この本は、50以上のスタートアップ企業から大企業で起きたエピソードや起業家の言葉を紹介し、それぞれの事例について著者の分析や理論を解説しており、読みやすく、読み応えがある内容になっています。

Airbnb、Netflix、Instagram、Facebookといった有名なスタートアップ企業の創業時のエピソードだけでなく、初めて名前を聞くIT以外の企業や、バーバリーとアップルストアを改革したアンジェラ・アーレンツやビル・ゲイツ財団など、著者の幅広い人脈を活かした多様な企業のエピソードが含まれているのが特徴です。

全部で10章ある中で半分ぐらいは、創業の早期段階において、起業家や社員が知っておくべき教訓が書かれており、その時期の大切さが分かりました。

本を読む時間があまり確保できない場合や、この本を振り返る際には、自分が興味ある章の中にある「ホフマンの分析」「ホフマンの理論」を読むだけでも、自分自身がおかれている状況での問題に対する解決のヒントが得られるようになっています。

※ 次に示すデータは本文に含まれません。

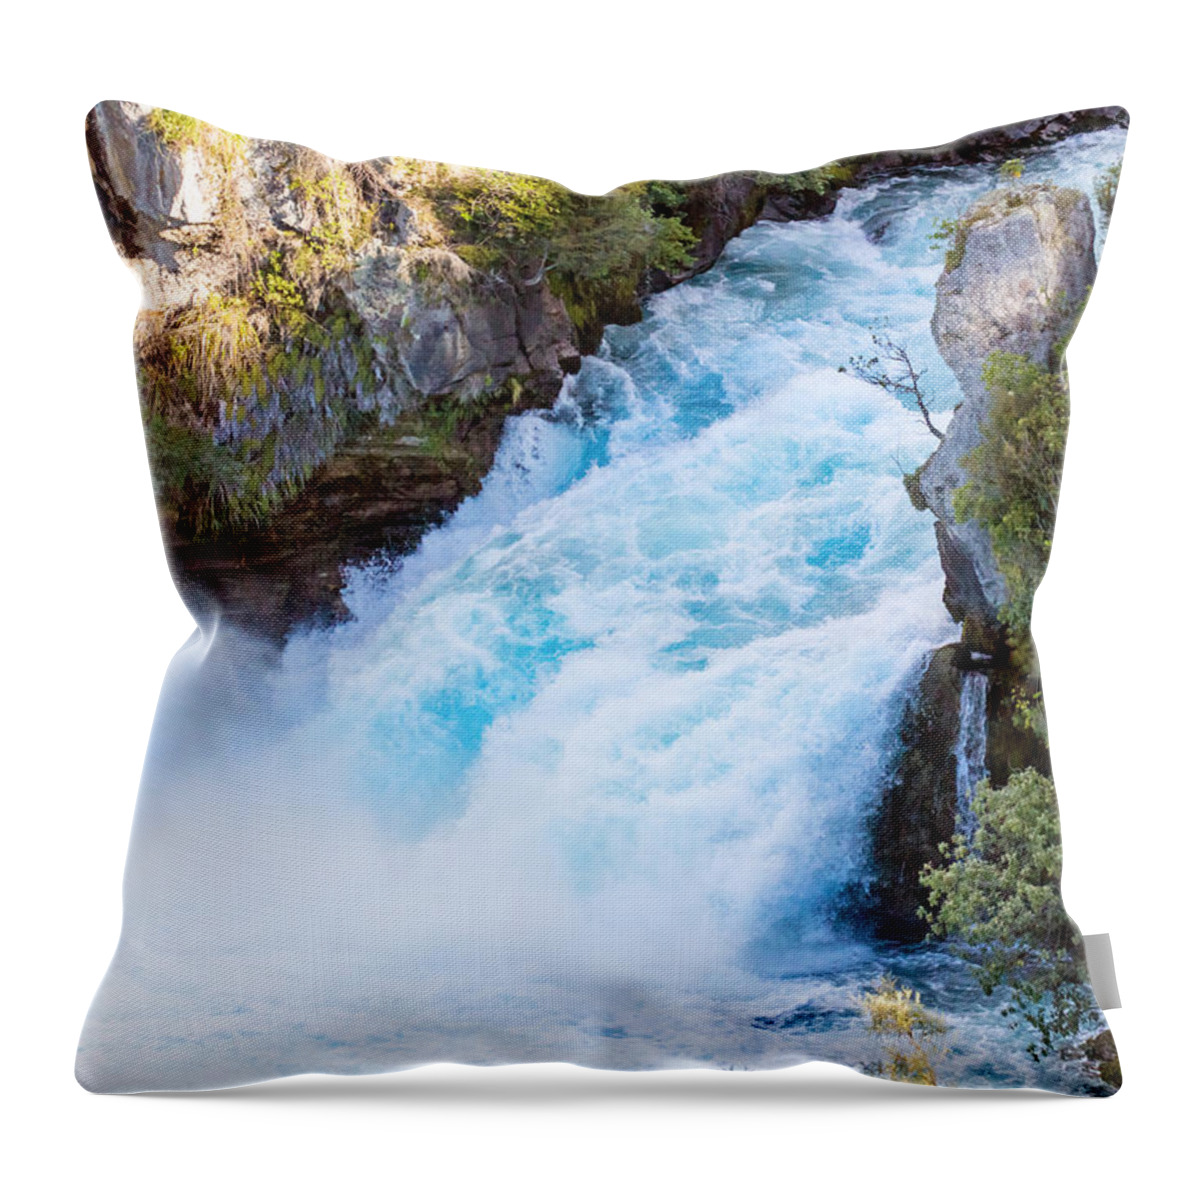 Huka Throw Pillow featuring the photograph Huka Falls by Nicholas Blackwell

紹介されているエピソードは、成功談だけでなく、失敗談や詳細な状況(GoogleのYouTube買収交渉の場所はリークされないようにデニーズだった)も書かれているので、そこからも学ぶことができます。

著者の分析や教訓だけでなく、投資家やコンサルタントのアドバイスも紹介されています。たとえば、組織を乱す人物を見分ける質問として、「自分を助けてくれた人の名をひとりも挙げられないような人たちを雇うのはやめたほうがいい」といった言葉がありました。

これから起業を目指す人、すでにスタートアップを起業している人、エンジェル投資家、ベンチャーキャピタリストなど、スタートアップに関わりや興味がある人にとって、自分自身の考え方を見つめ直すために有益な内容だと感じました。

リード・ホフマン, ジューン・コーエン, デロン・トリフ(著)大浦 千鶴子(翻訳)マガジンハウス(出版社)2022/10/6(発売日)352P(ページ数)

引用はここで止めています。